> [PROBLEM STATEMENT]:
Where a picture appears, skip it and copy everything else in the listing exactly.
BEGIN PROVIDED DATA
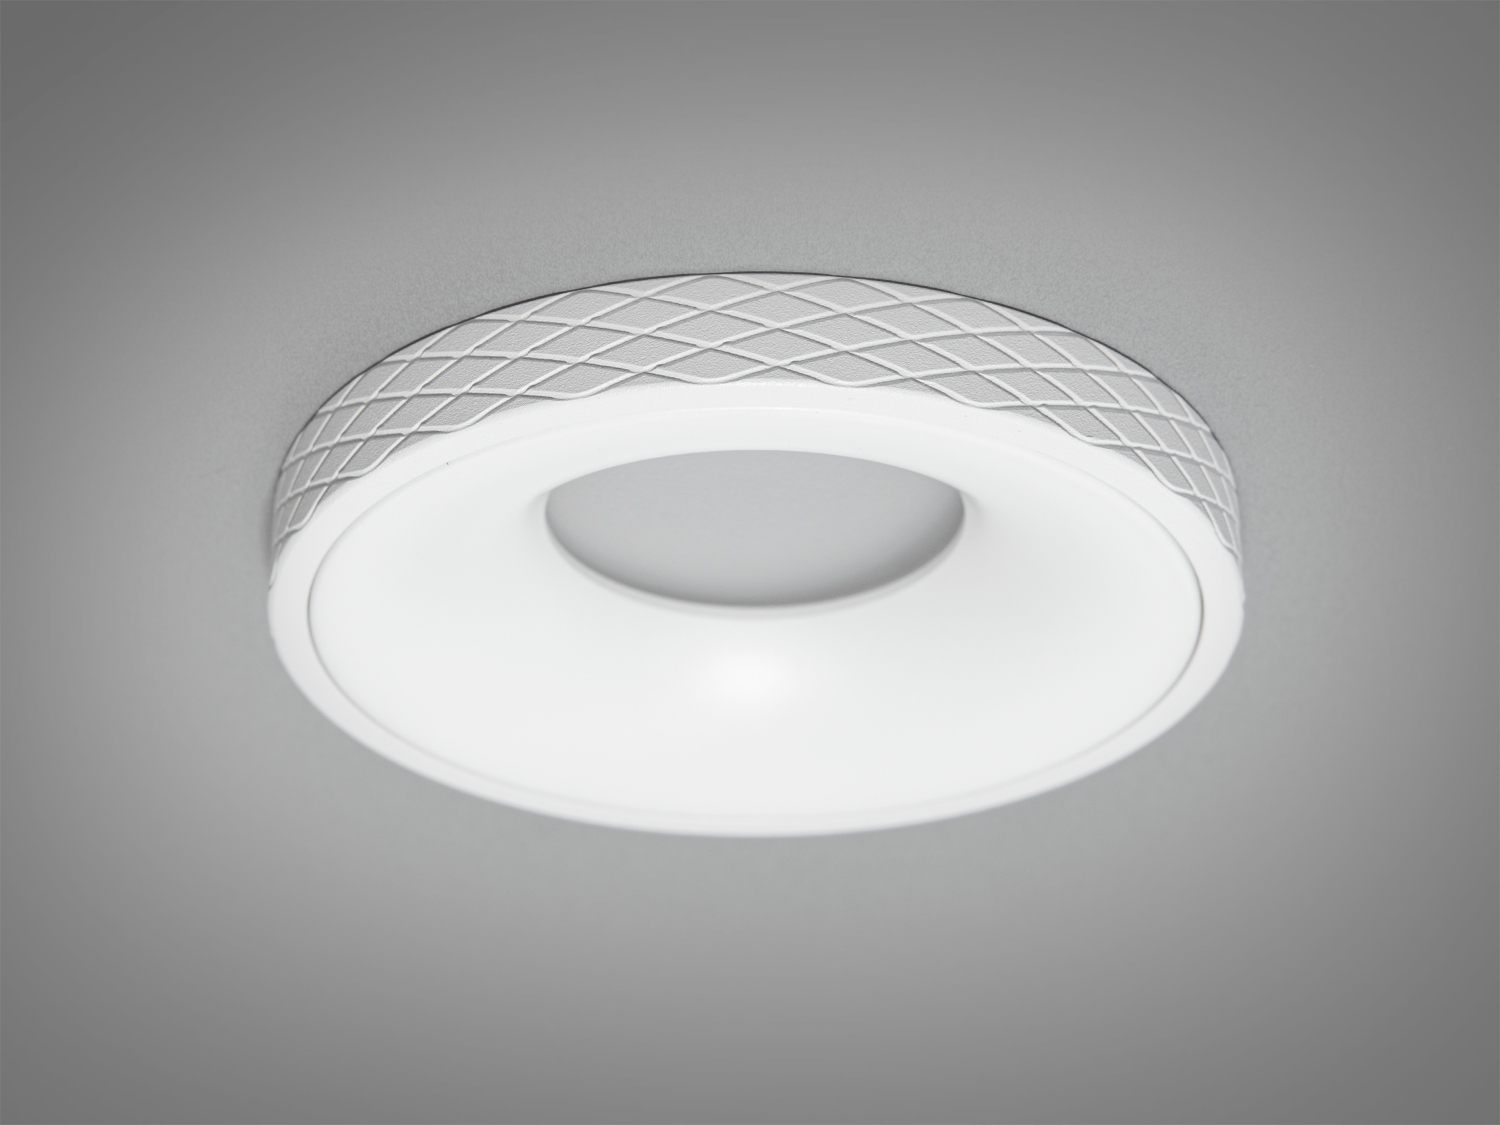 Білий круглий точковий світильник з алюмінію. Декоративні світильники 
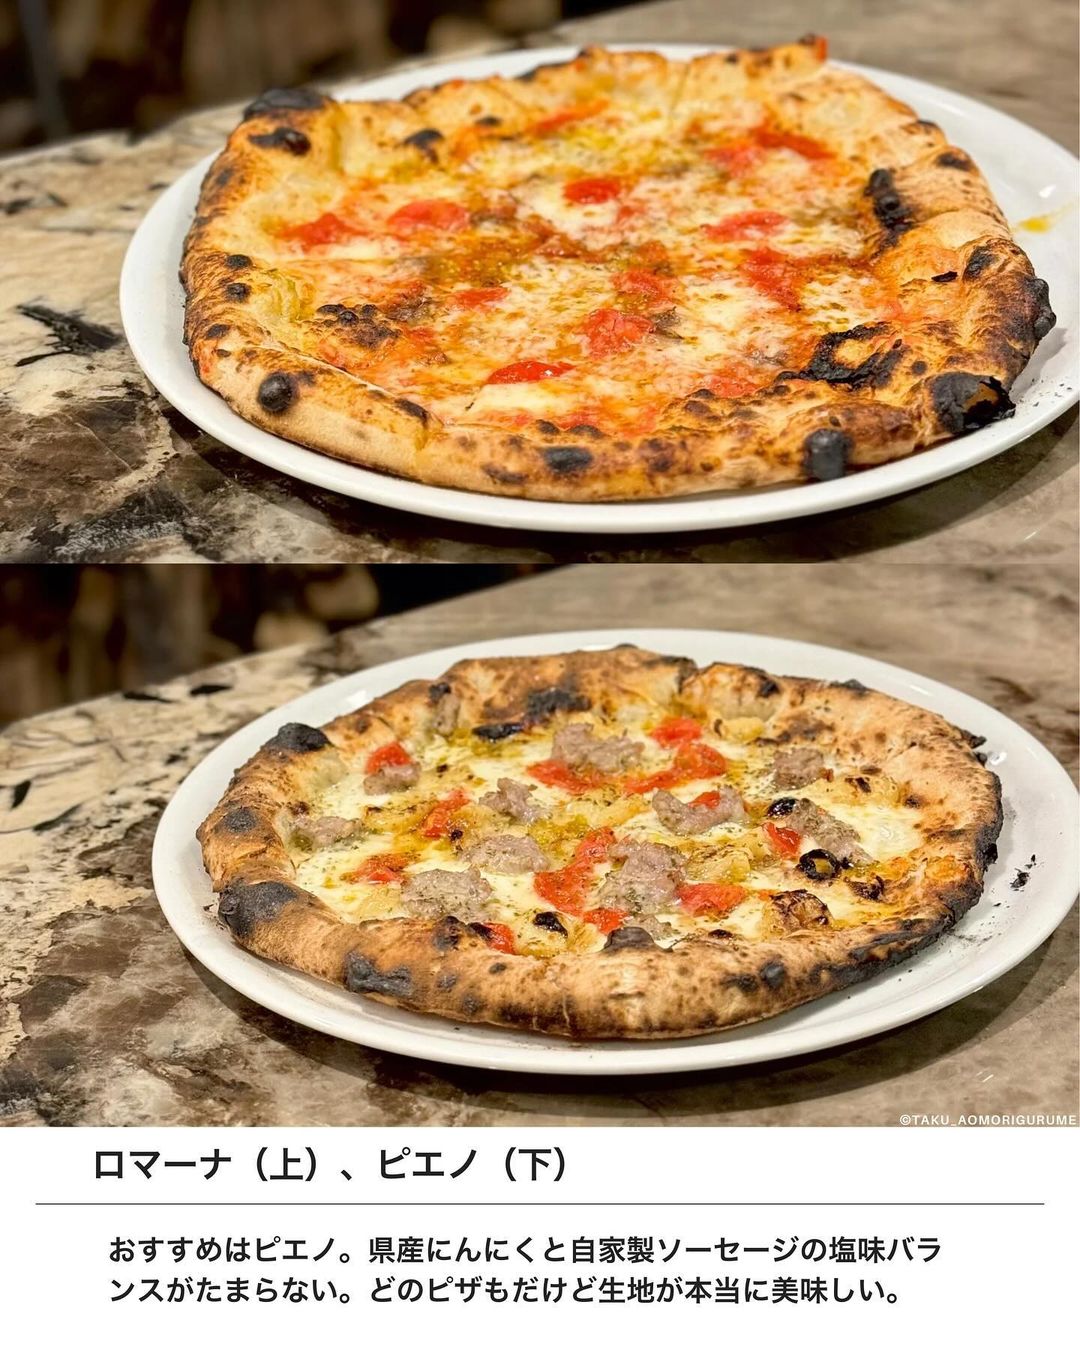 【弘前市・pizzeria pieno】ロマーナとピエノ
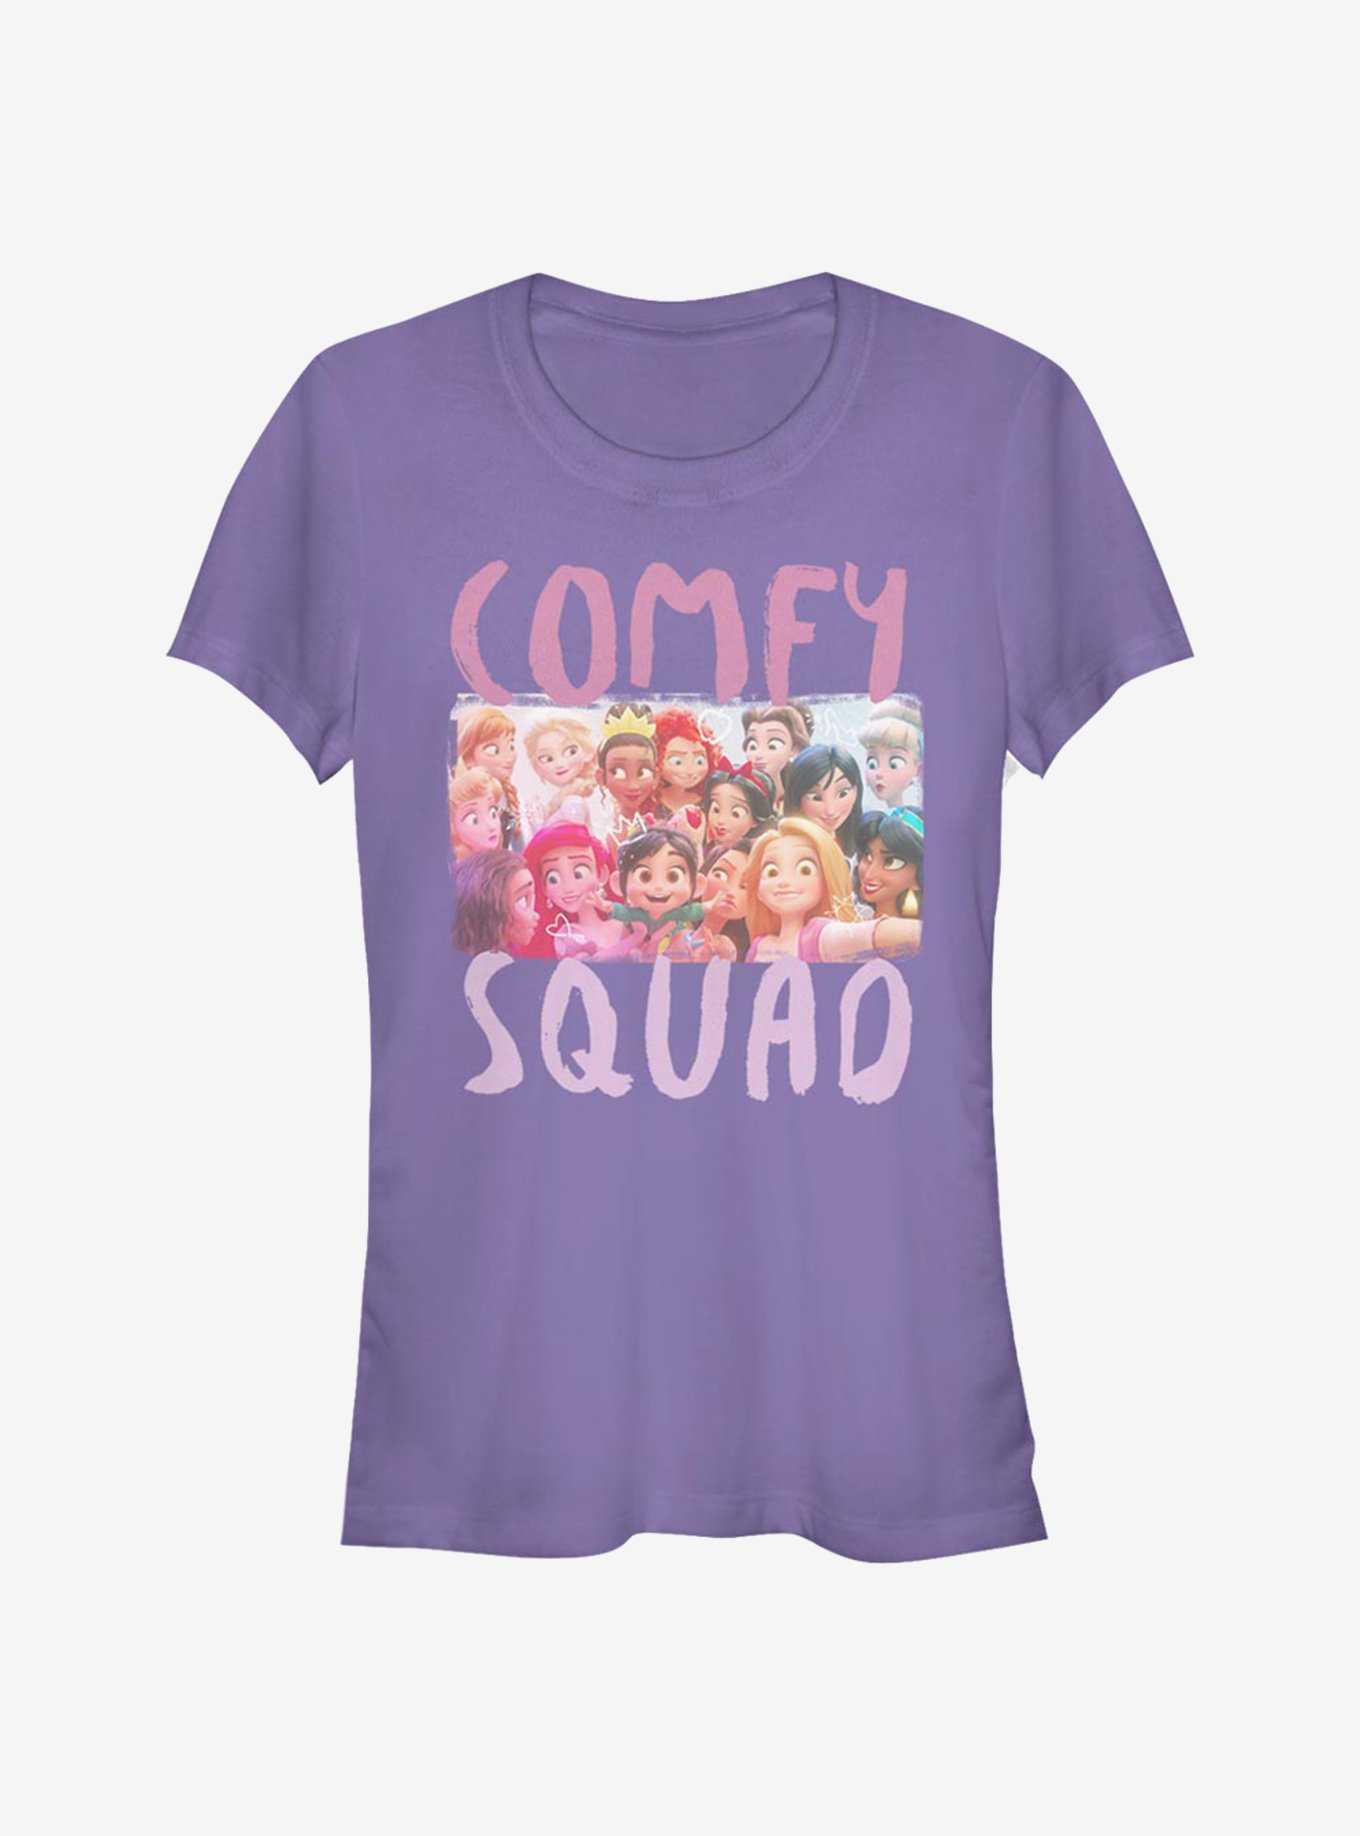 Disney Pixar Wreck-It Ralph Comfy Squad Selfie Girls T-Shirt, , hi-res
END PROVIDED DATA
> [FINISHED TASK]:
 Білий круглий точковий світильник з алюмінію. Декоративні світильники 
 【弘前市・pizzeria pieno】ロマーナとピエノ
 Disney Pixar Wreck-It Ralph Comfy Squad Selfie Girls T-Shirt, , hi-res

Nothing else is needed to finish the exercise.